The right-wing app Parler launched the internet over ties with Siege

The conservative-friendly social network Parler was abducted from the internet over ties with the siege of the American Capitol

The conservative-friendly social network Parler was launched from the internet on Monday over ties to the siege of the US Capitol last week, but not before hackers made an archive of its posts, including any that could help organize the riot or document.

Amazon kicked Parler off its web hosting service, and the social media app immediately sued to get online again, telling a federal judge that the technology giant had violated its contract and abused its market power.

The wave of Trump followers flocking to the service was short-lived. Google on Friday chased Parler’s smartphone app out of its app store because it allows postings to ‘incite ongoing violence in the US’.

Parler CEO John Matze dismissed the penalties as a coordinated attack by technology giants to destroy competition in the market. ‘

Matze indicated that there was little chance of getting Parler back online shortly after “every provider, from text messages to email providers, to our lawyers dropped us off on the same day,” he told Fox New Channel. Sunday “said. Morning Futures. ”

In a Monday interview with Fox Business, he said that the company “should even go and buy our own data centers and buy our own servers.”

Trump could also launch his own platform.

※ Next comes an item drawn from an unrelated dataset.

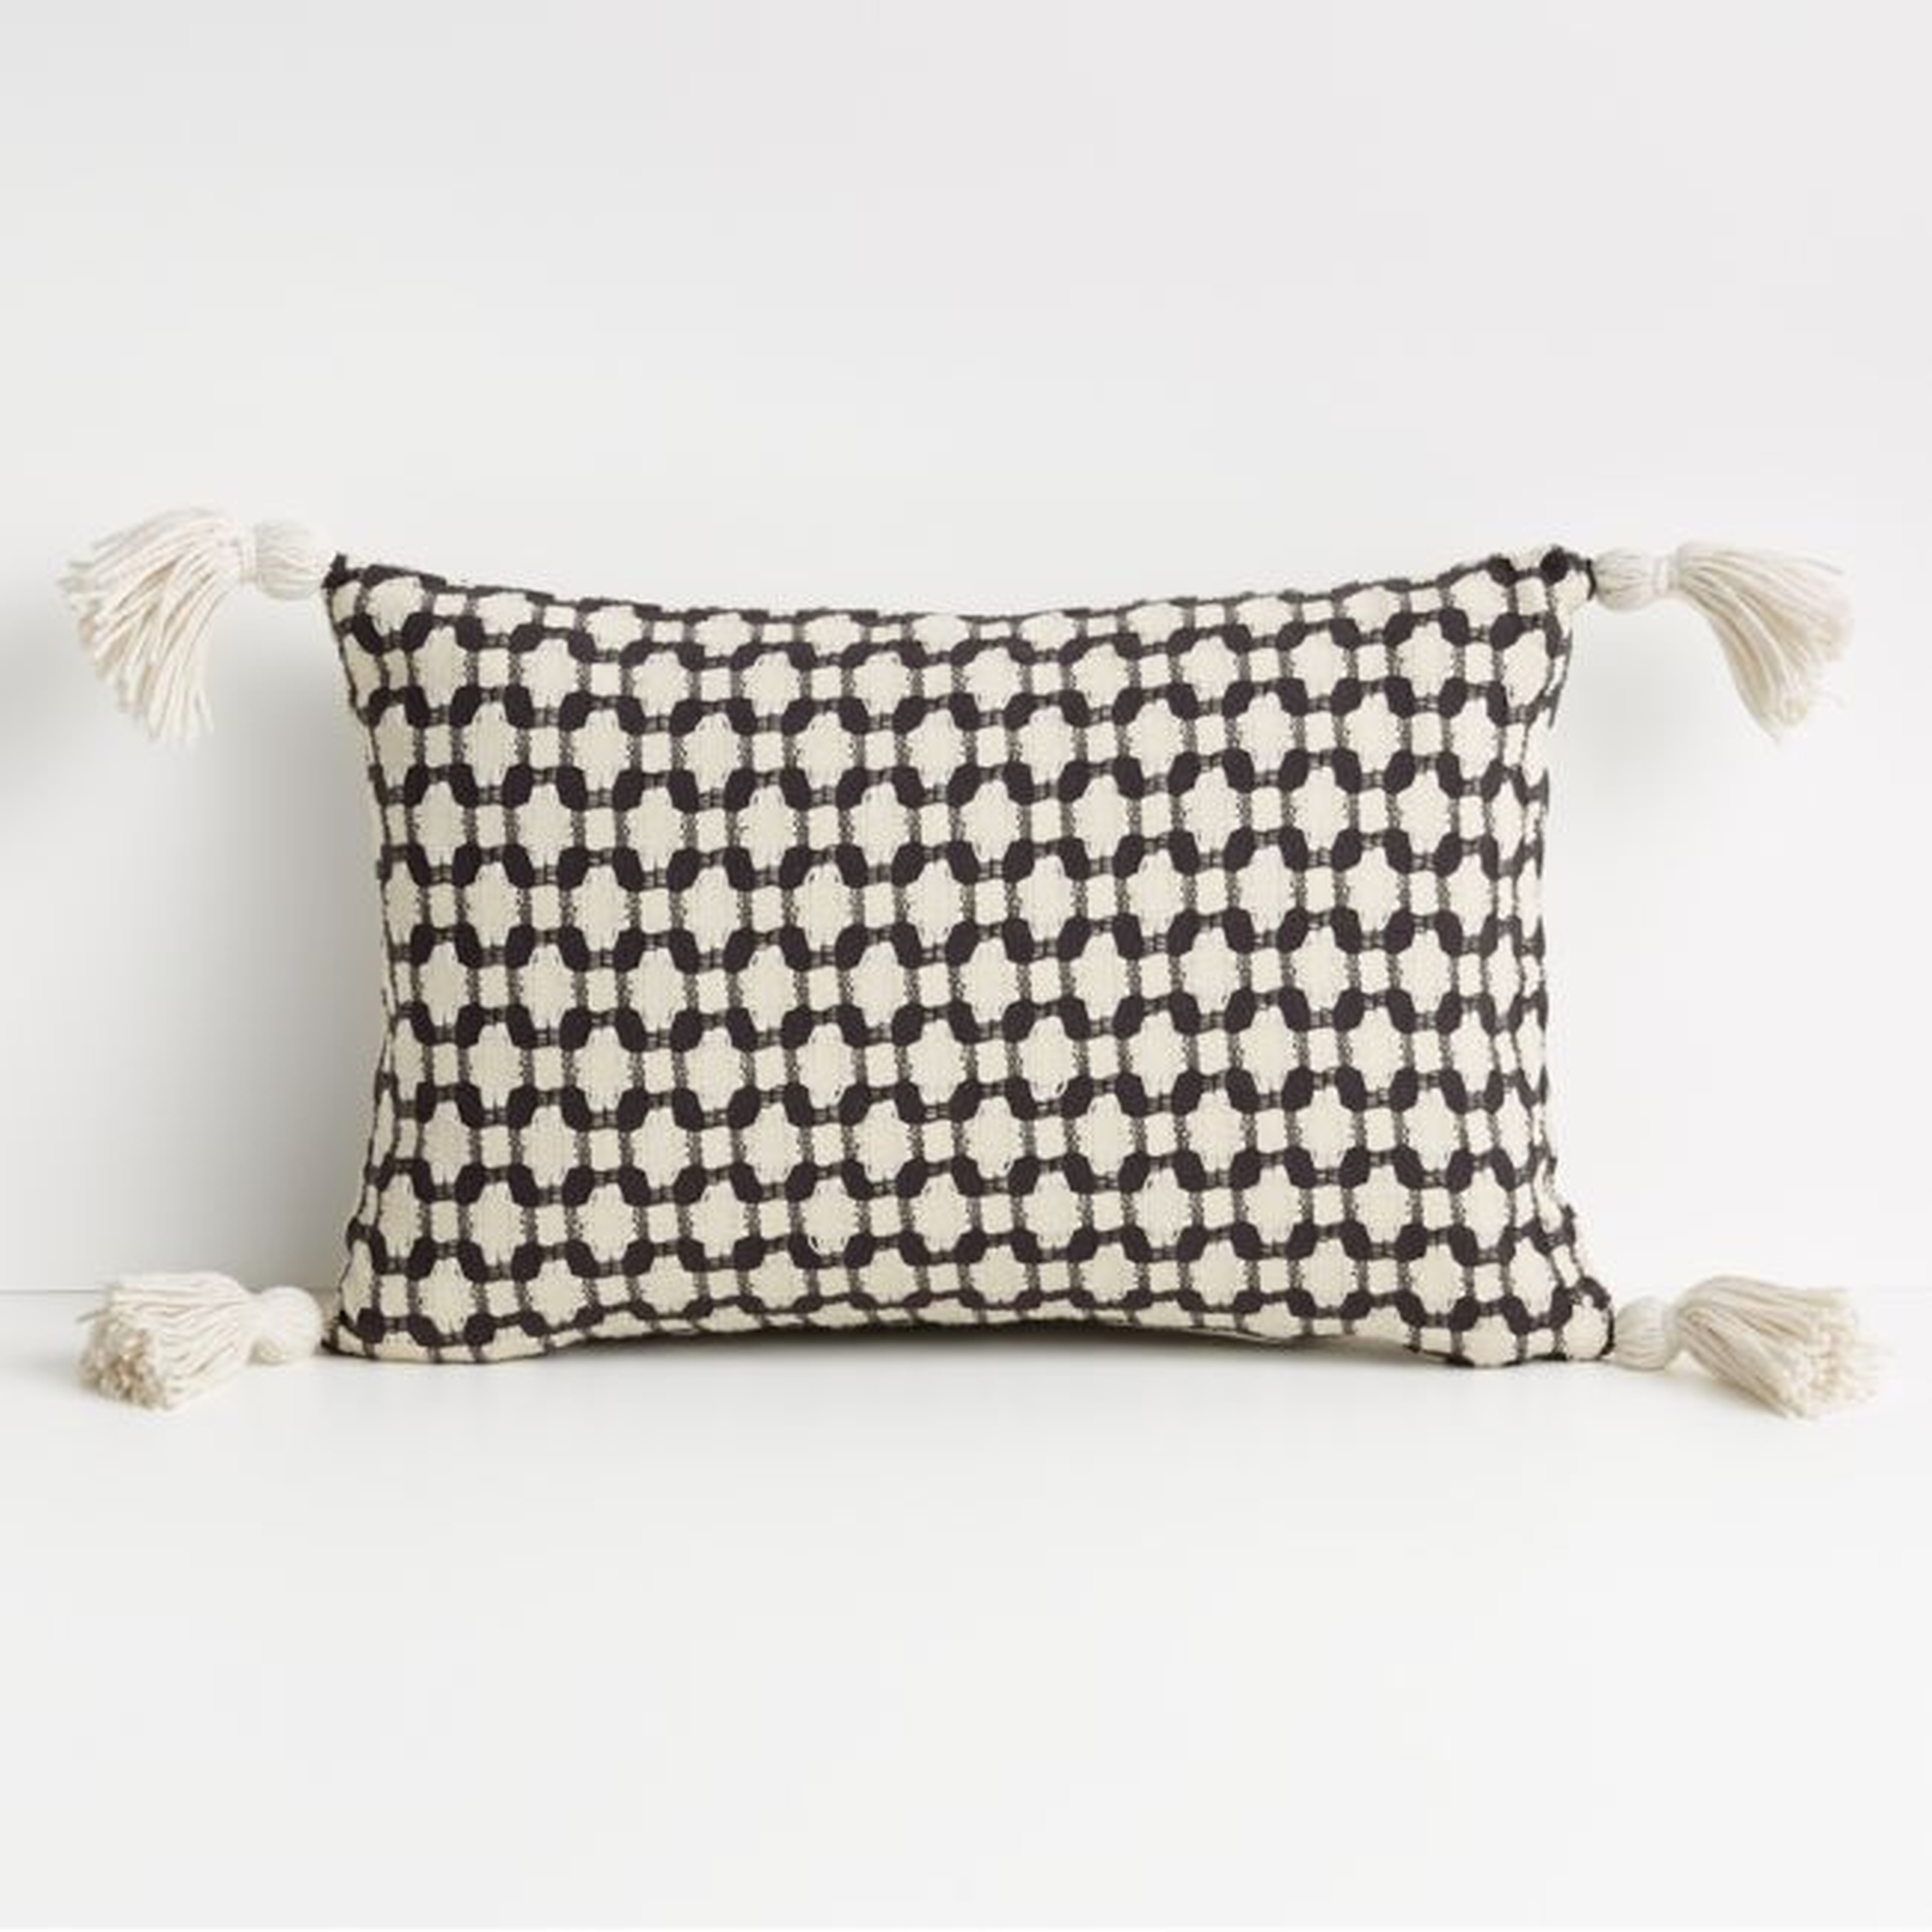 Tahona Textured Pillow with Down-Alternative Insert, Obsidian, 18" x 12" - Crate and Barrel

But that will not happen overnight, and freedom of speech experts expect growing pressure on all social media platforms to curb arson, as Americans take stock of the violent takeover of the U.S. Capitol on Wednesday by a Trump-incited crowd .

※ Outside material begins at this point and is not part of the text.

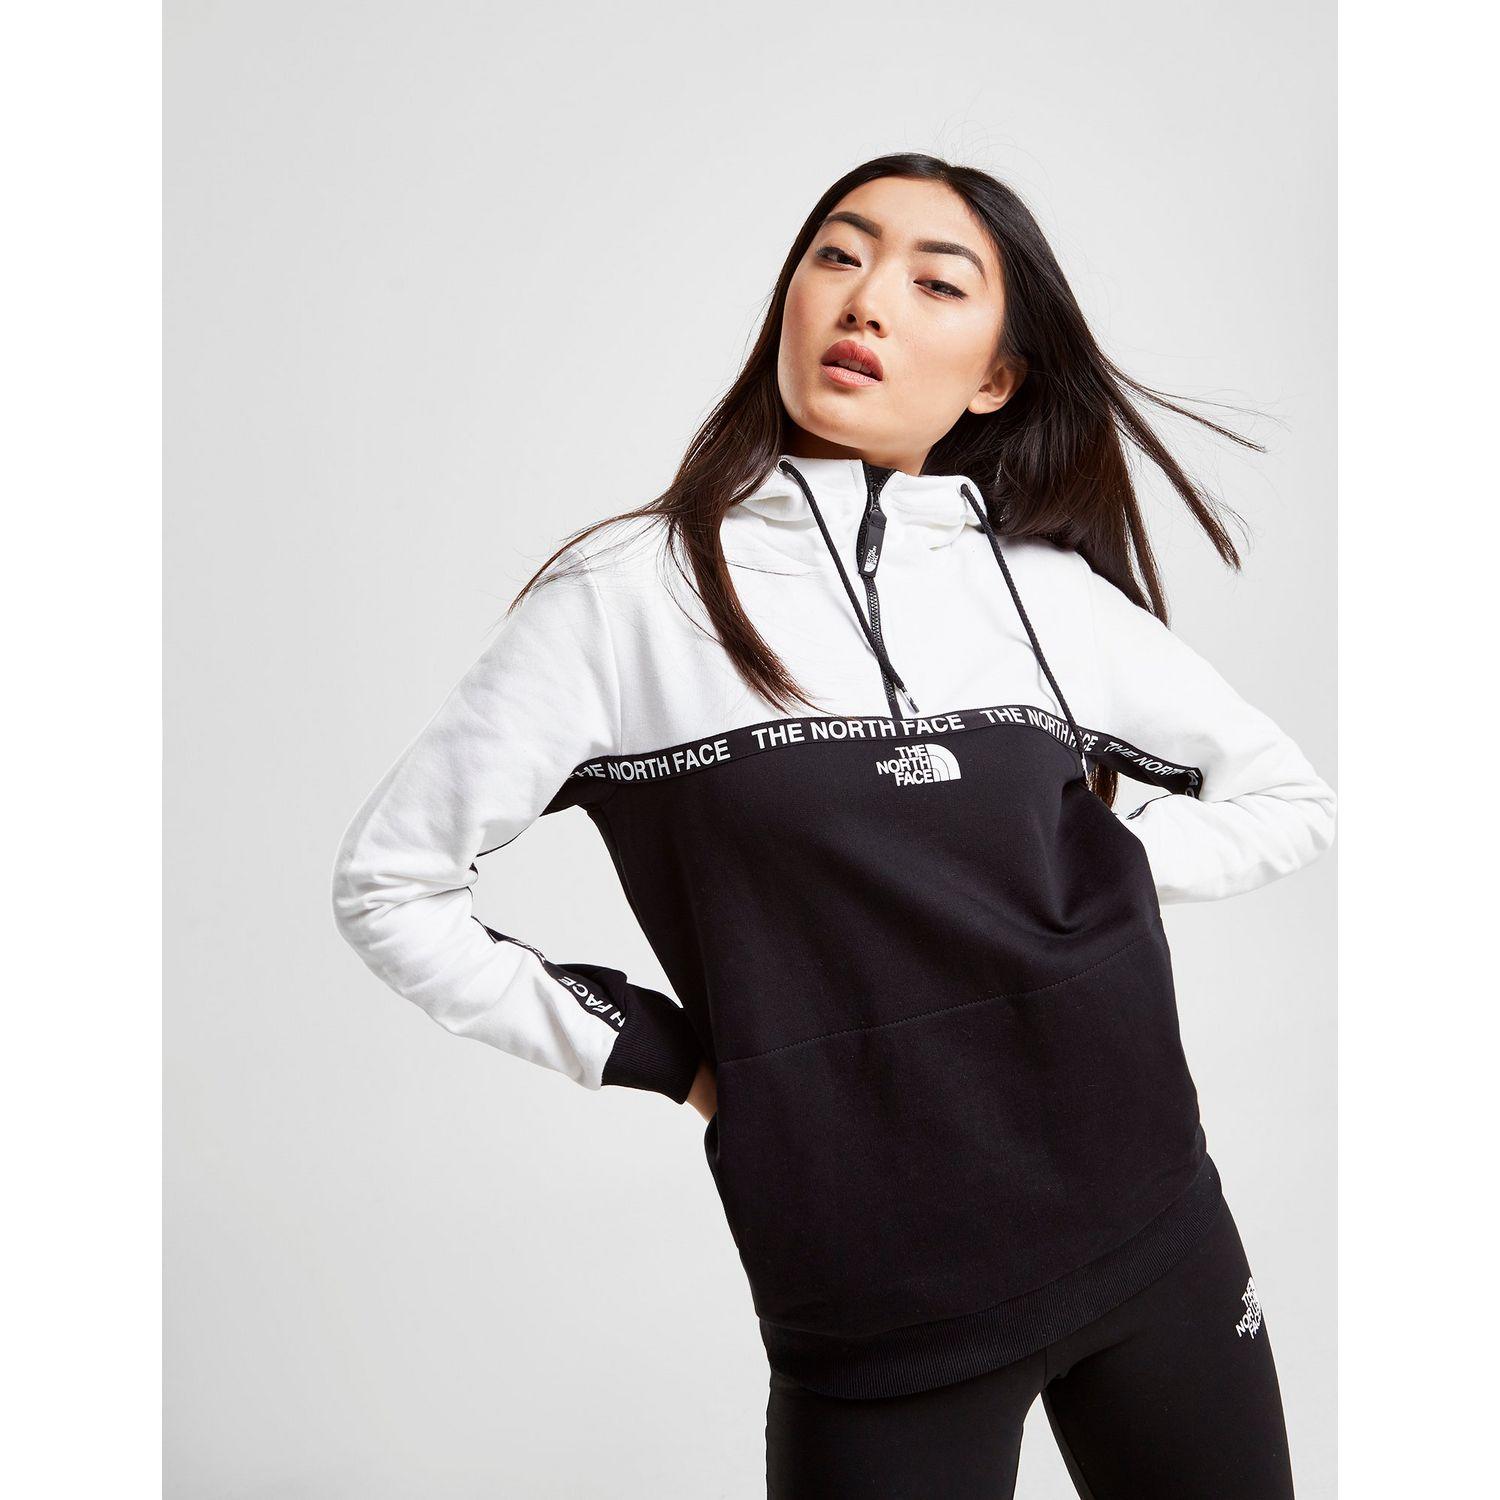 The North Face Cotton Tape 1/4 Zip Hoodie in Black/White (Black) - Lyst

Meanwhile, a group of activist hackers rescued much of what happened on Parler before it went offline and said they plan to place it in a public archive. One describes the operation on Twitter as “a bunch of people getting stuck in a burning building trying to grab as many things as possible.”

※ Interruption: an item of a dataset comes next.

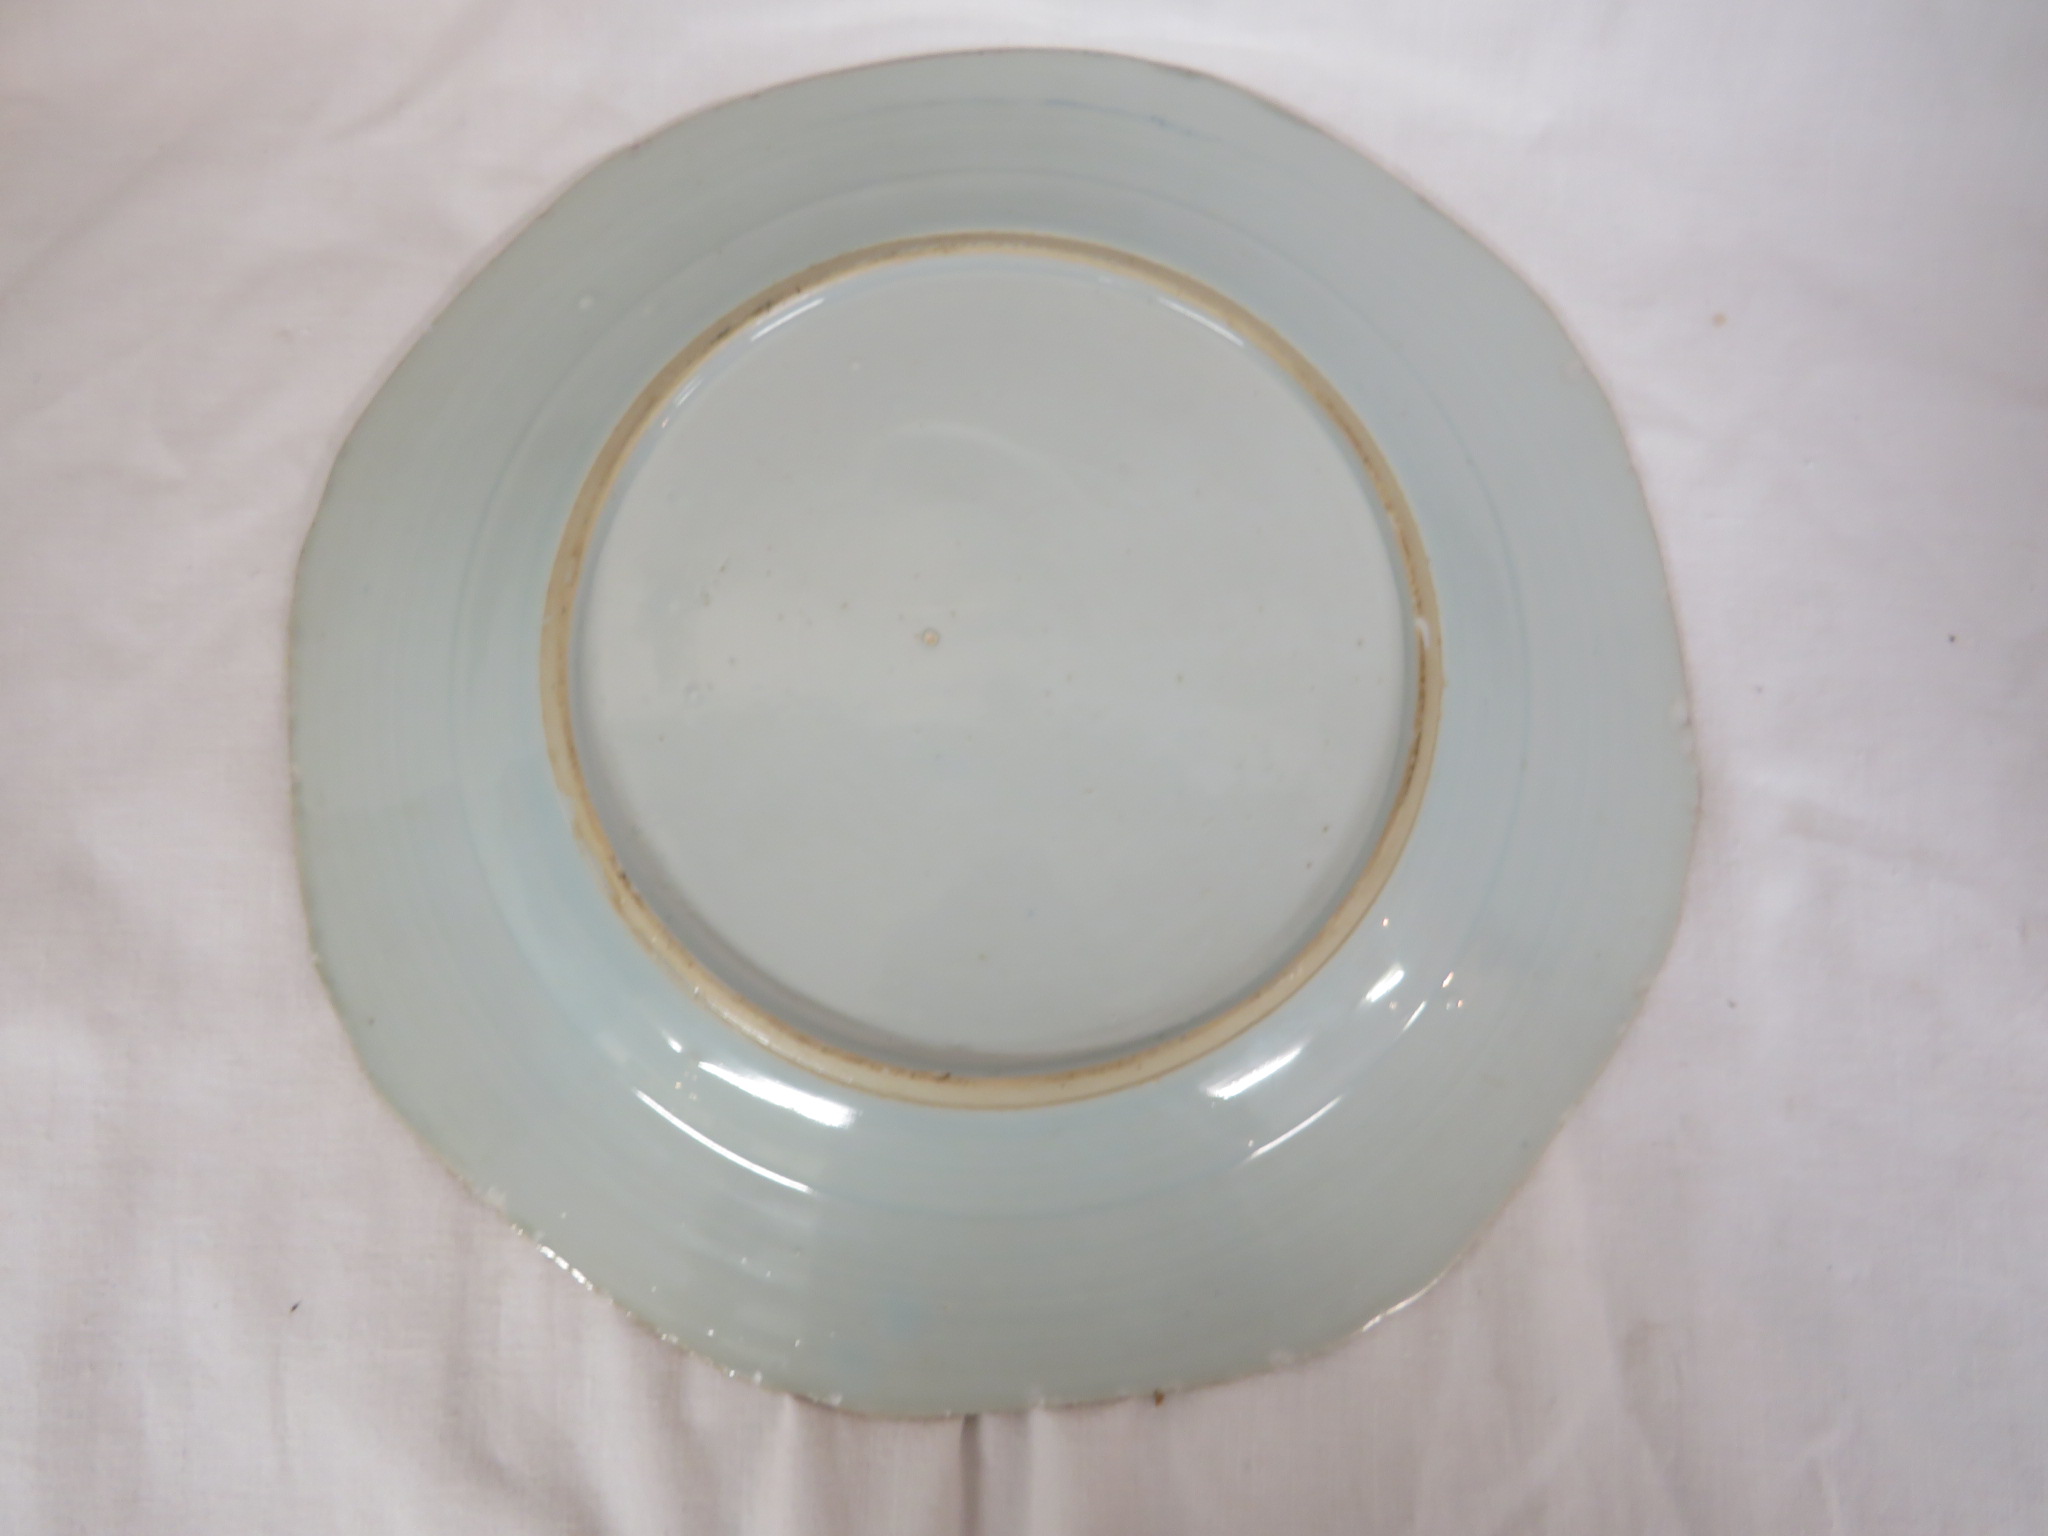 Two Chinese porcelain plates - the first with a wavy rim and extensive decoration in polychrome - Image 5 of 5

The action of downloading and archiving placements, including image files that can be linked to geographic locations, has instilled some fear among Parler users, although law enforcement would probably be able to access the data anyway , and experts said the archive did not contain information it was not publicly accessible.

“If it had not been done, we would have had only fragments and bits of the information Parler had before the removal,” said Gabriella Coleman, an anthropologist at McGill University who studied hacker movements. ‘This is important because people are increasingly there where people gather to organize themselves. You learn about motivations, ideological tactics. ”

Coleman said Trump loyalists are likely to find other ways to communicate, such as encrypted messaging programs or old-fashioned mailing lists, but only if they already know where like-minded groups can be found.